SPD-Politiker warnt vor riskanten Hackbacks in der Cyberabwehr-Strategie Deutschlands
Reingard FaustSPD-Politiker warnt vor riskanten Hackbacks in der Cyberabwehr-Strategie Deutschlands
Johannes Schätzl, der digitalpolitische Sprecher der SPD-Bundestagsfraktion, hat Bedenken gegen Pläne zur Ausweitung der deutschen Cyberabwehrfähigkeiten geäußert. Zwar befürwortet er einen besseren Schutz vor digitalen Bedrohungen, lehnt jedoch entschieden Vorschläge ab, die offensive Maßnahmen wie sogenannte "Hackbacks" oder Gegenangriffe auf ausländische IT-Systeme ermöglichen sollen.
Der zur Diskussion stehende Gesetzentwurf sieht vor, dem Bundeskriminalamt (BKA) und dem Bundesamt für Sicherheit in der Informationstechnik (BSI) die Befugnis zu erteilen, aktiv in fremde IT-Infrastrukturen einzugreifen. Schätzl warnt das Innenministerium davor, solche Kompetenzen zu vergeben, da unklare rechtliche Grenzen Missbrauch Tür und Tor öffnen könnten.

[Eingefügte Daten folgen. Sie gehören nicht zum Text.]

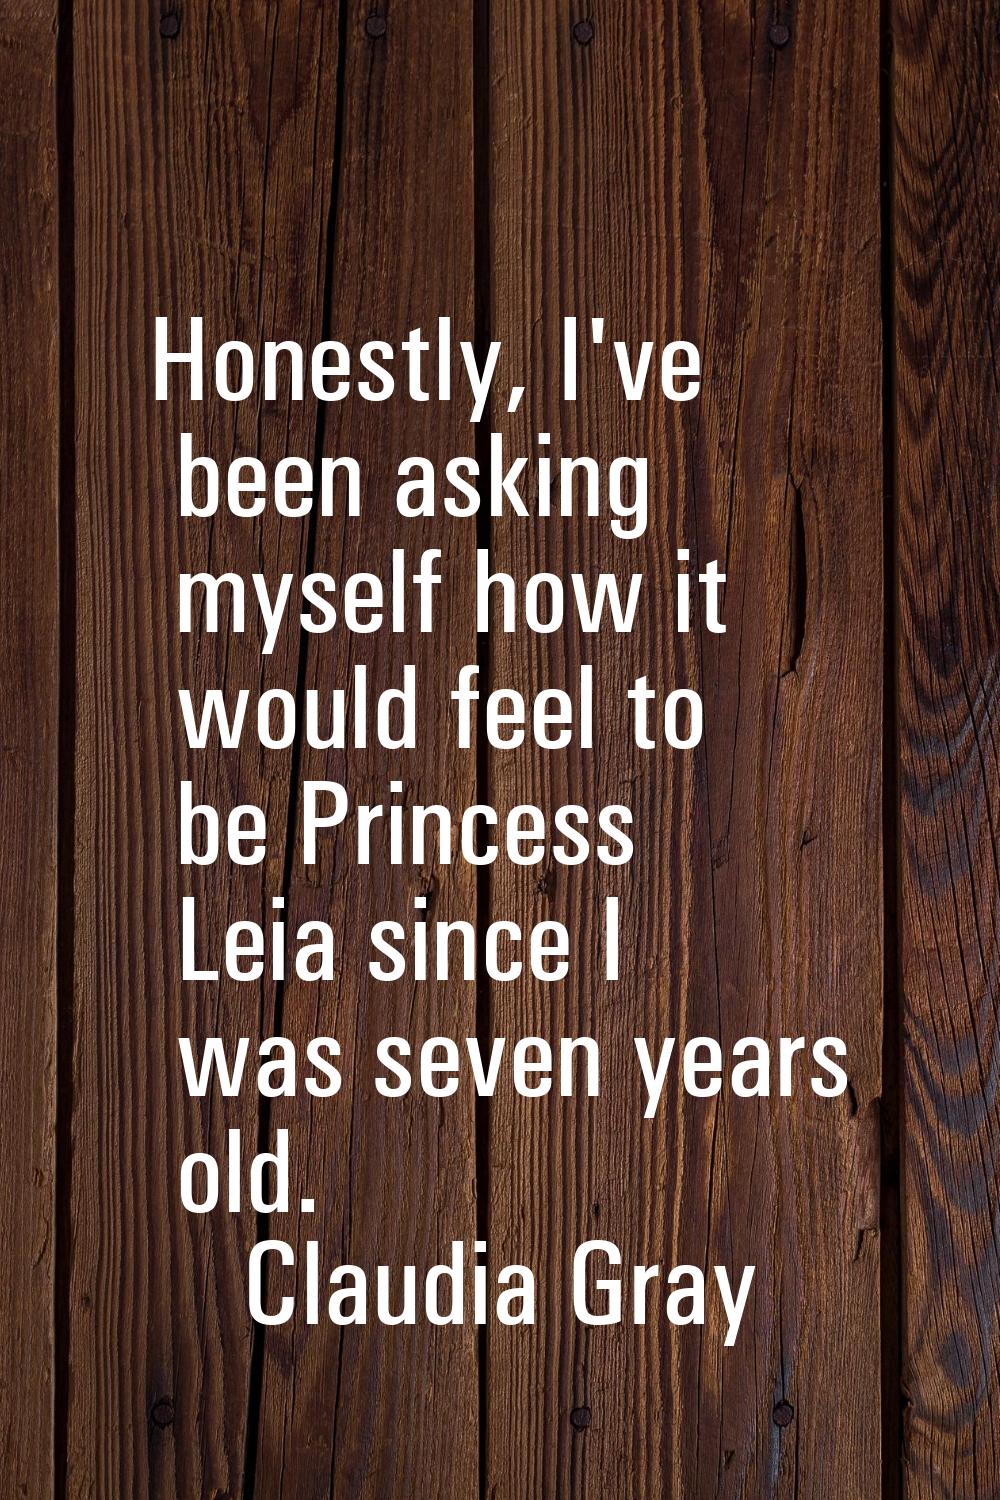 Honestly, I've been asking myself how it would feel to be Princess Leia since I was seven years old

Er pocht auf eine präzise gesetzliche Definition, was genau unter einem "Hackback" zu verstehen ist, um willkürliche Eingriffe zu verhindern. Ohne zweifelsfreie Beweise, dass ein System einem Angreifer gehört, hält er Infiltration oder Manipulation für höchst problematisch. Seine Haltung begründet er mit den Risiken, unschuldige Dritte zu schädigen oder Konflikte unnötig eskalieren zu lassen.
Zudem betont Schätzl, dass das Völkerrecht und die Genfer Konventionen strenge Grenzen für staatliches Handeln im Cyberraum setzen. Jede Maßnahme dürfe diese Normen nicht verletzen oder zivile Infrastruktur gefährden, so seine Argumentation. Seine Position spiegelt die allgemeine Sorge wider, Sicherheitsinteressen mit rechtlichen und ethischen Verantwortungen in Einklang zu bringen.
Im Mittelpunkt der Debatte steht die Frage, ob offensive Cyberfähigkeiten Teil der deutschen Verteidigungsstrategie sein sollten. Schätzls Warnungen unterstreichen die Notwendigkeit klarer rechtlicher Rahmenbedingungen, bevor neue Befugnisse eingeführt werden. Das Ergebnis wird entscheiden, wie das Land digitale Sicherheit gewährleistet, ohne internationale Verpflichtungen zu vernachlässigen.